* PROBLEM TO WORK ON: Would you transcribe only the lines from the one holding "60ac5bc6b479 Valentino Black" through the end of the material, exactly, without any pictures?

* DATASET SECTION:

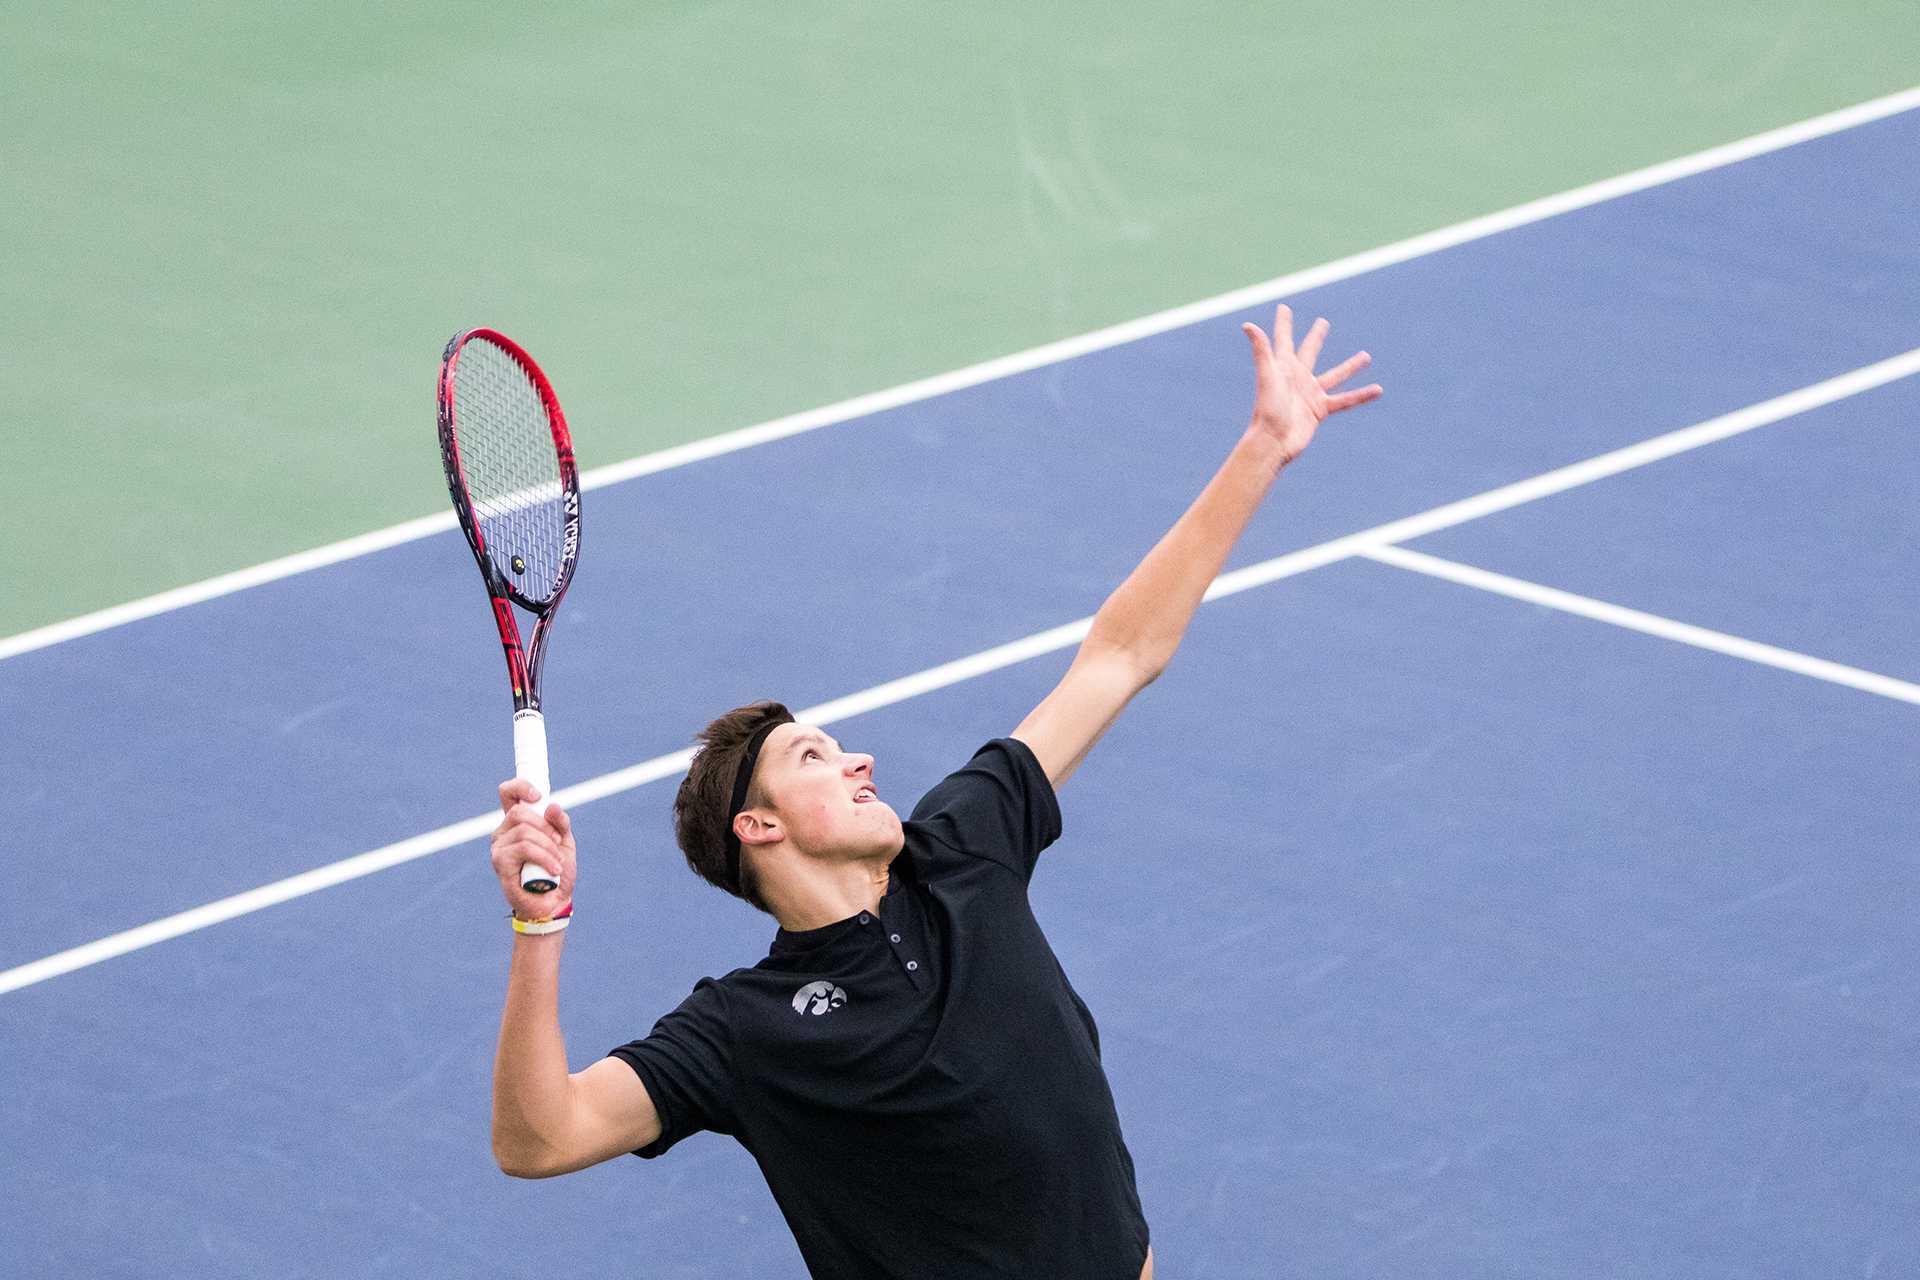 Men's tennis is hopeful for home wins
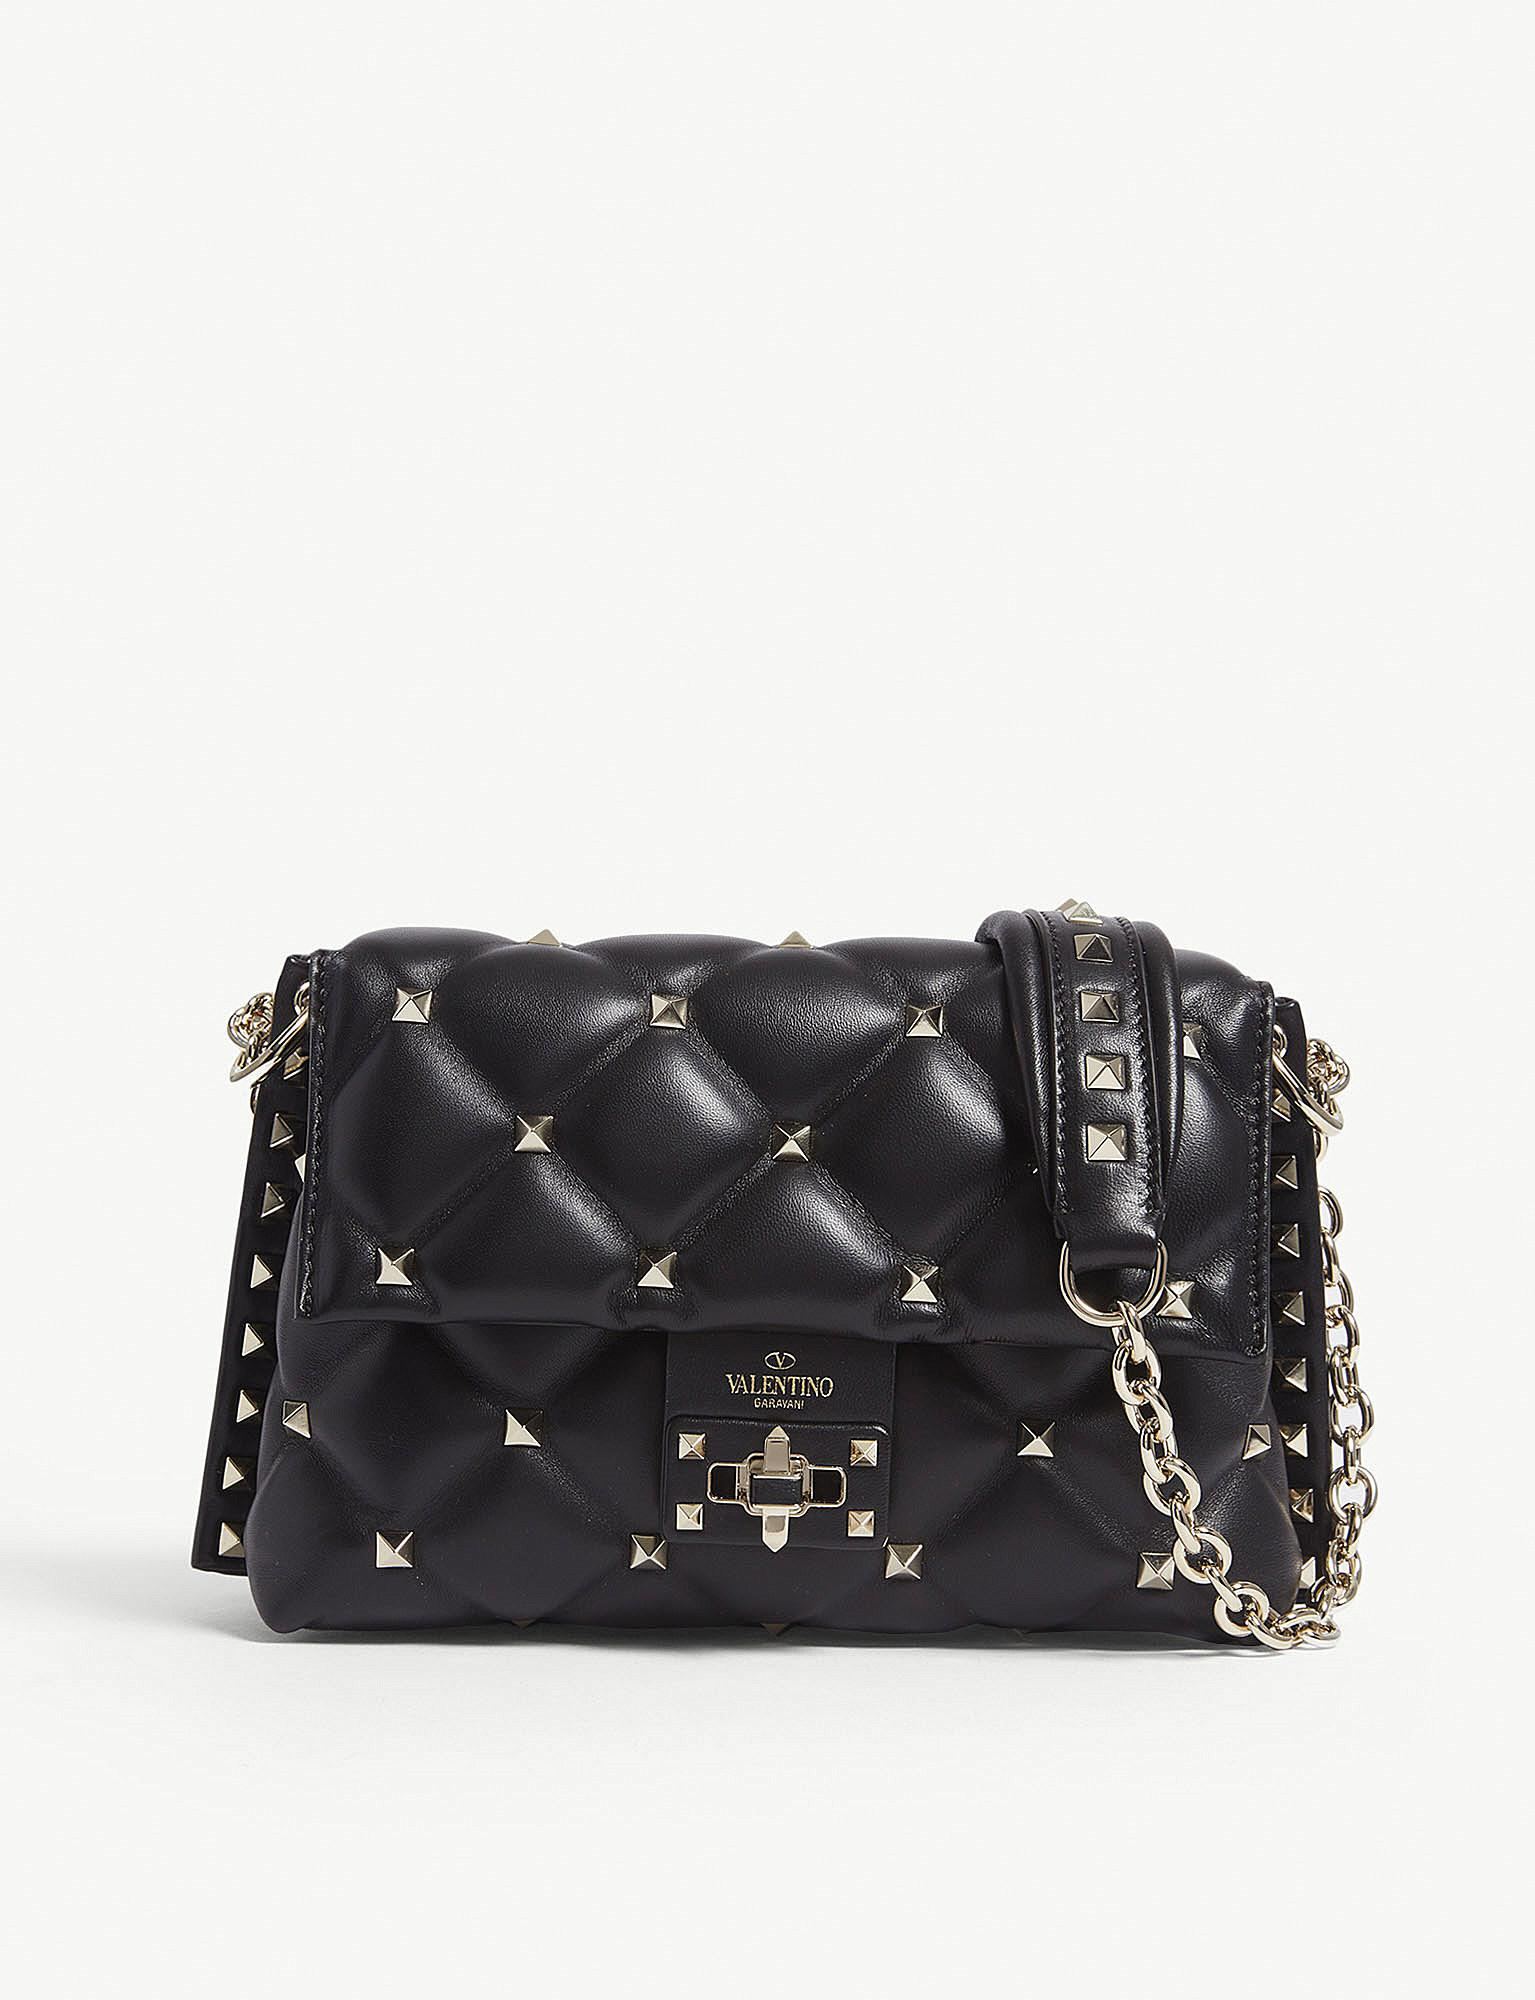 60ac5bc6b479 Valentino Black Candy Rockstud Leather Cross Body Bag in Black - Lyst
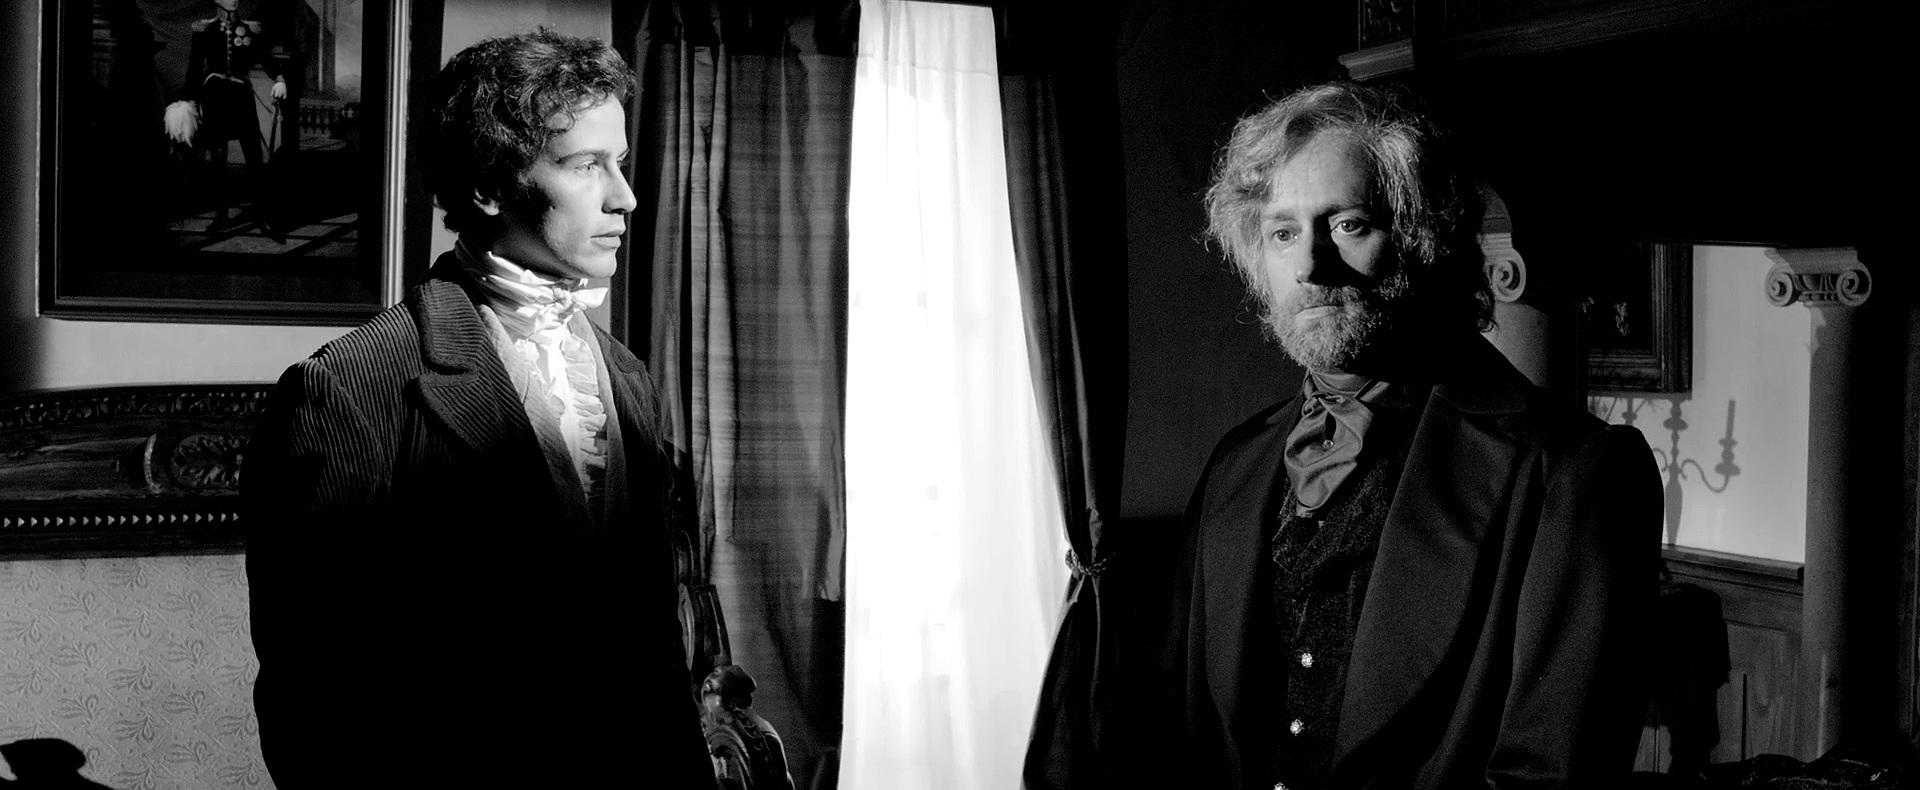 Nuno Casanovas and Nuno Pardal in Os Maias: Cenas da Vida Romântica (2014)
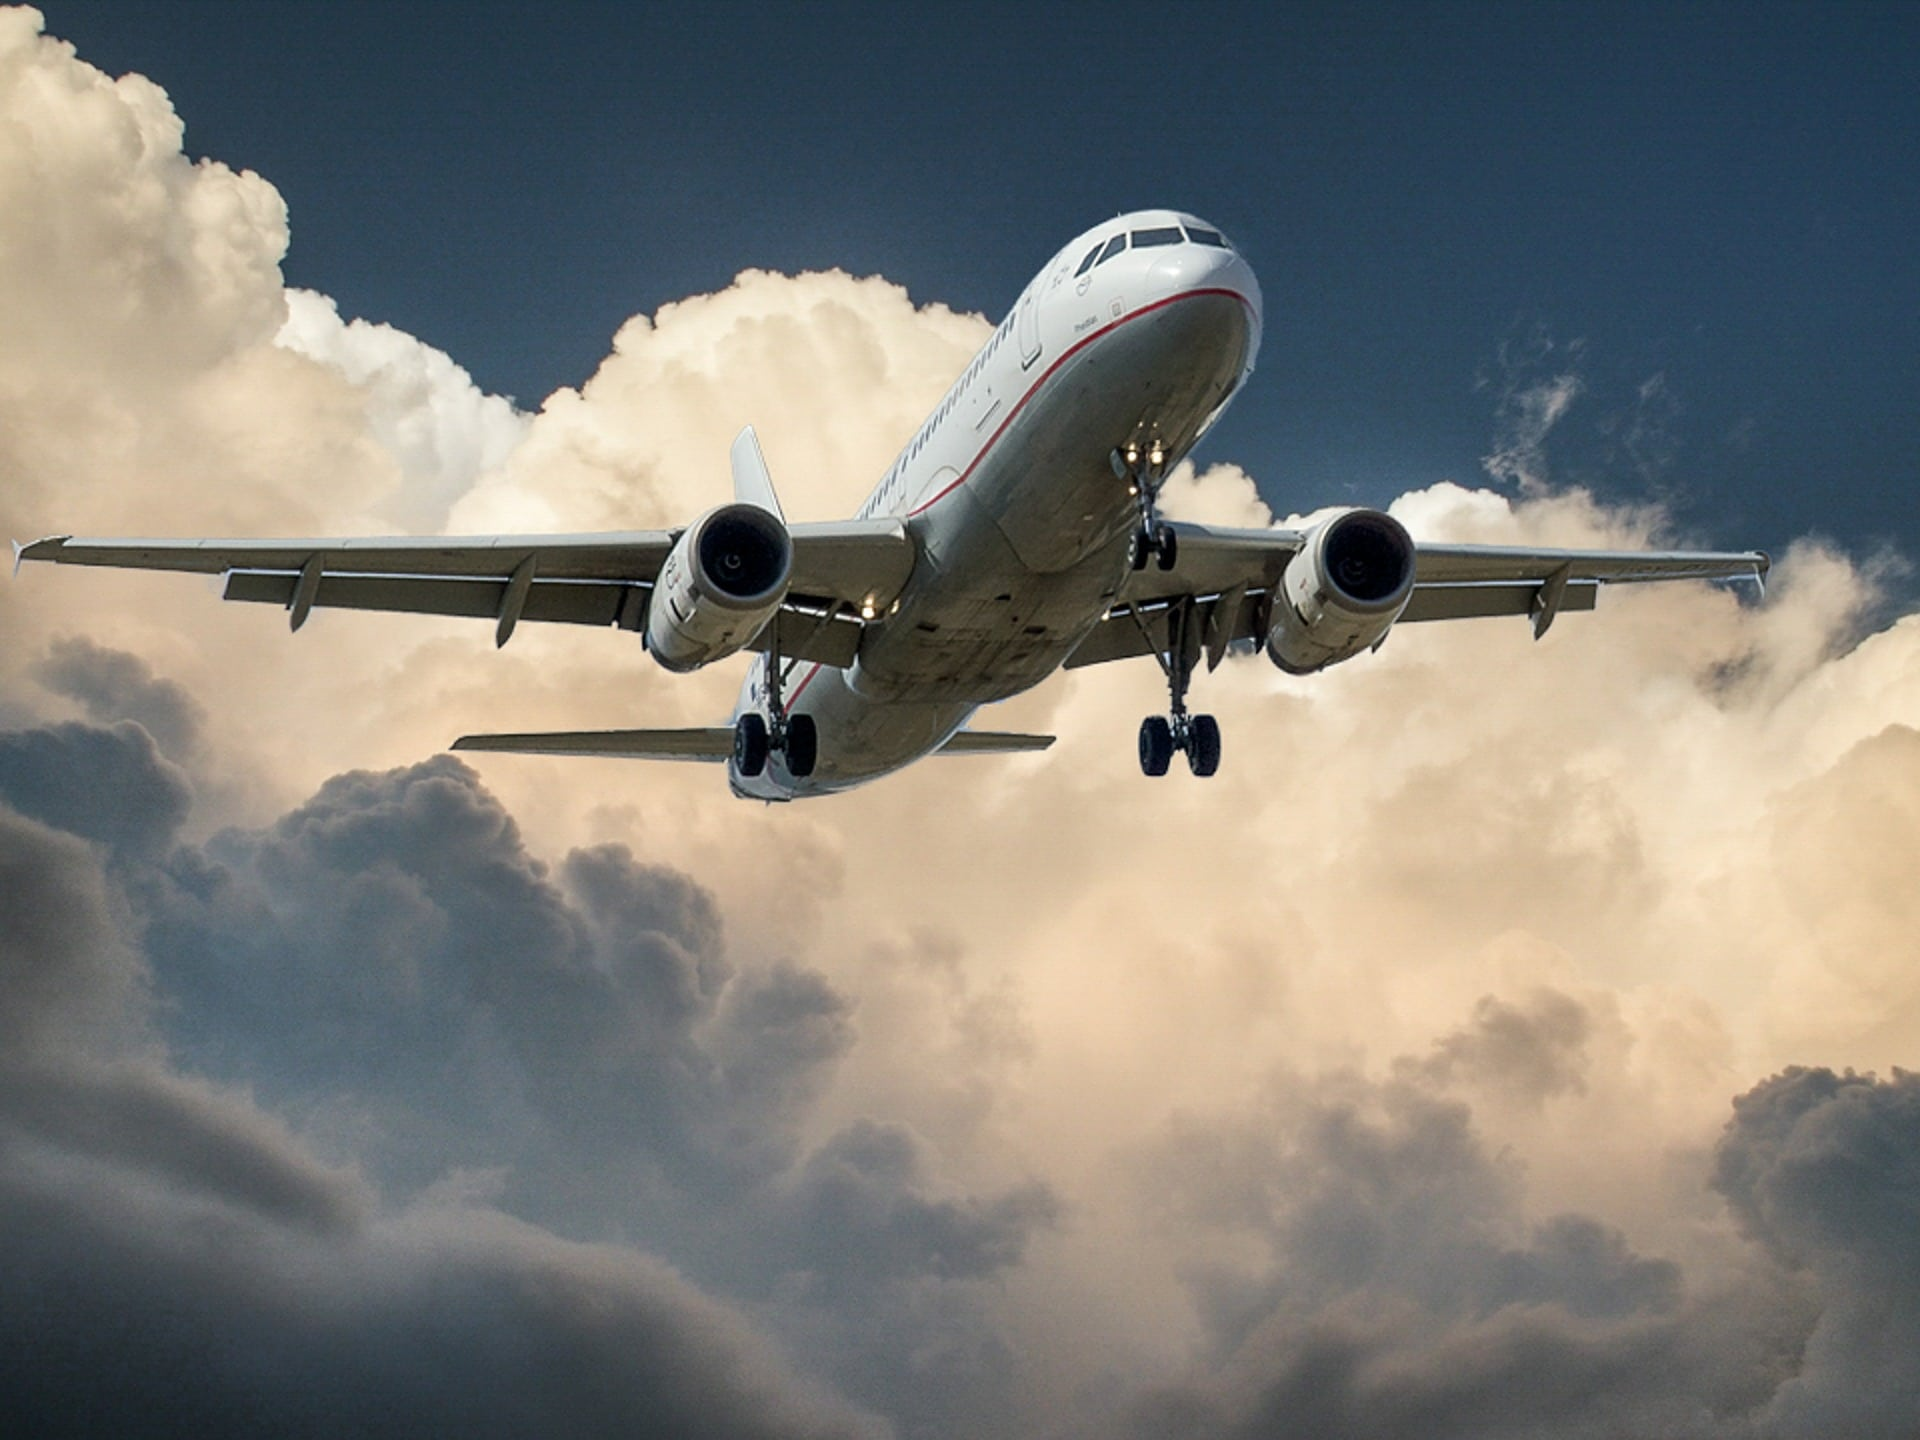 Jet Aircraft representing West Palm Beach Aviation

* WRITTEN REPLY:
 60ac5bc6b479 Valentino Black Candy Rockstud Leather Cross Body Bag in Black - Lyst
 Nuno Casanovas and Nuno Pardal in Os Maias: Cenas da Vida Romântica (2014)
 Jet Aircraft representing West Palm Beach Aviation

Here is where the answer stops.